I think, briefly, of the things I’d say if this really were a first date. I’d say, I’d love to meet your mom someday or why is her stuff in storage or she can’t tell you where it is?

But I’m not that much of an asshole, so I let the clean slate smudge because I know this part of the story: car accident, underage drunk driver. The teenager who was blitzed at eleven in the morning walked away, but Delilah’s mom was pronounced dead on the scene. A month later, Delilah moved here and started her sophomore year at Sprucevale High.

“I like it,” I tell her.

“Thanks,” she says, and together, we consider the photographs for a long moment. “She mostly did weddings and babies and stuff, since that paid the bills, but the artsy, moody stuff was her favorite. Ready?”

I study the photograph for one more moment, then turn away, open the door for her.

“Ready,” I confirm, and we leave.

 

 

Chapter Thirty-One

 

 

Delilah

 

 

“You named them?” Seth is saying, face lit by the blue light of his dashboard.

“I couldn’t just call them that one, that one, and that one,” I say.

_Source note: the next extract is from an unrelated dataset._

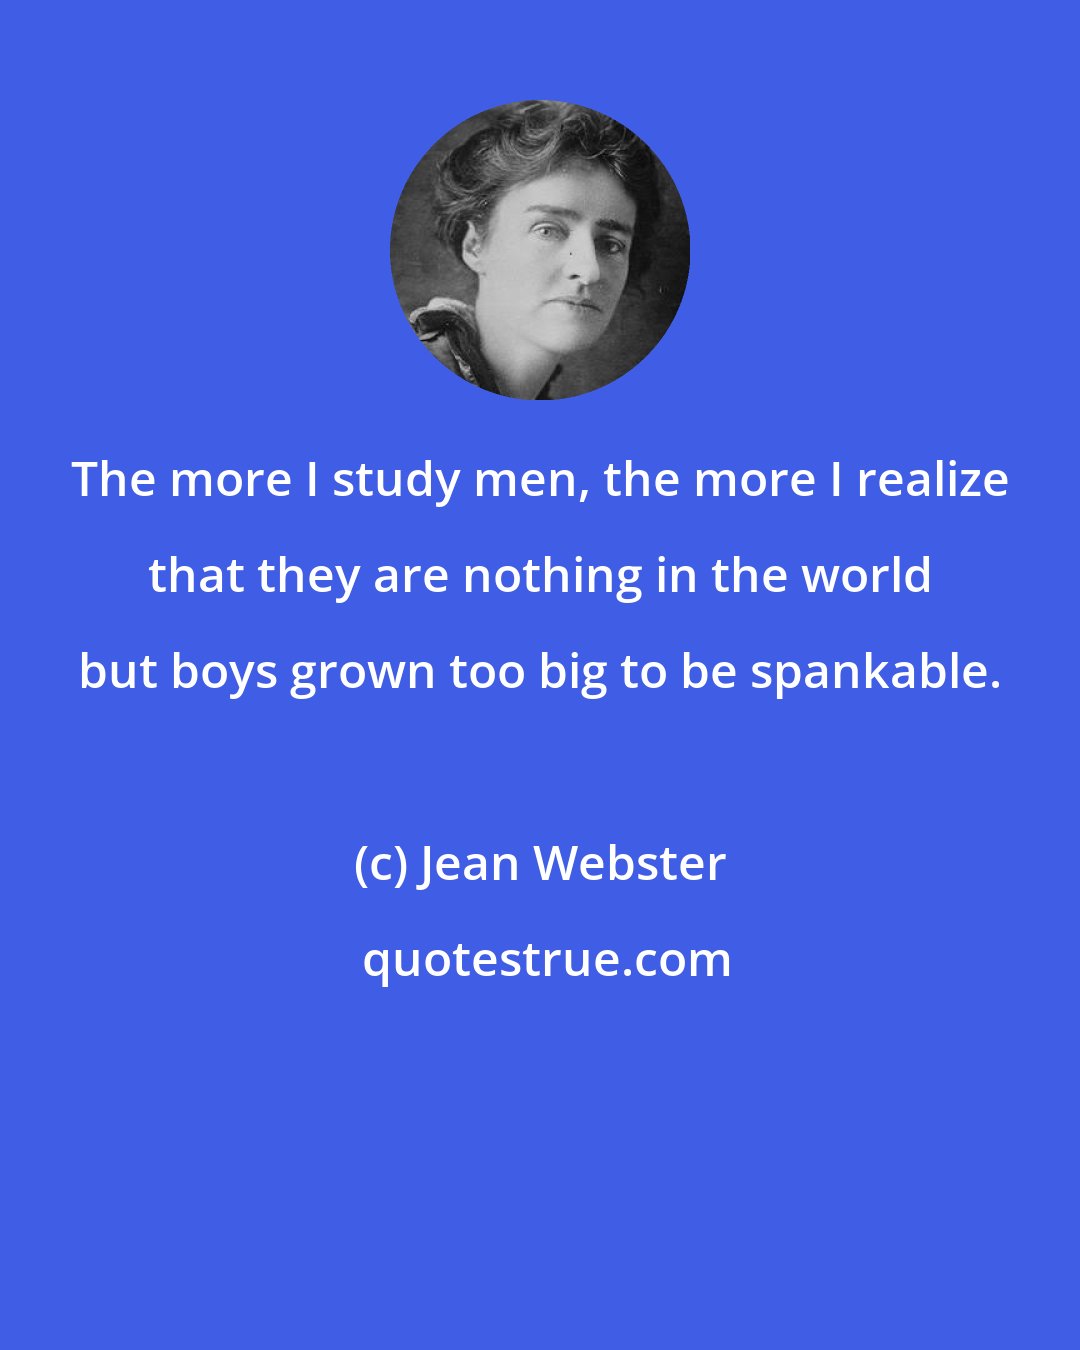 Jean Webster: The more I study men, the more I realize that they are nothing in the world but boys grown too big to be spankable.

“You absolutely could’ve,” Seth says.

“We have a relationship.”

He just gives me a look.

“I bought them the fancy dog food!”

I get that look again, for an extra second this time.

“They eat garbage,” he says, sounding baffled. “They’re varmints.”

“You really are from around here,” I tease.

“Because I said varmint?”

“Because you said it with that tone of voice.”

“Tell me, Delilah,” he says, a smile on his lips. “What tone of voice do fancy city folks use when they call critters varmints?”

“I’m pretty sure most fancy city folks think that varmint is a flavor of chewing gum,” I say, laughing. “Anyway, Larry, Jerry, and Terry are very happy to be my masked backyard friends.”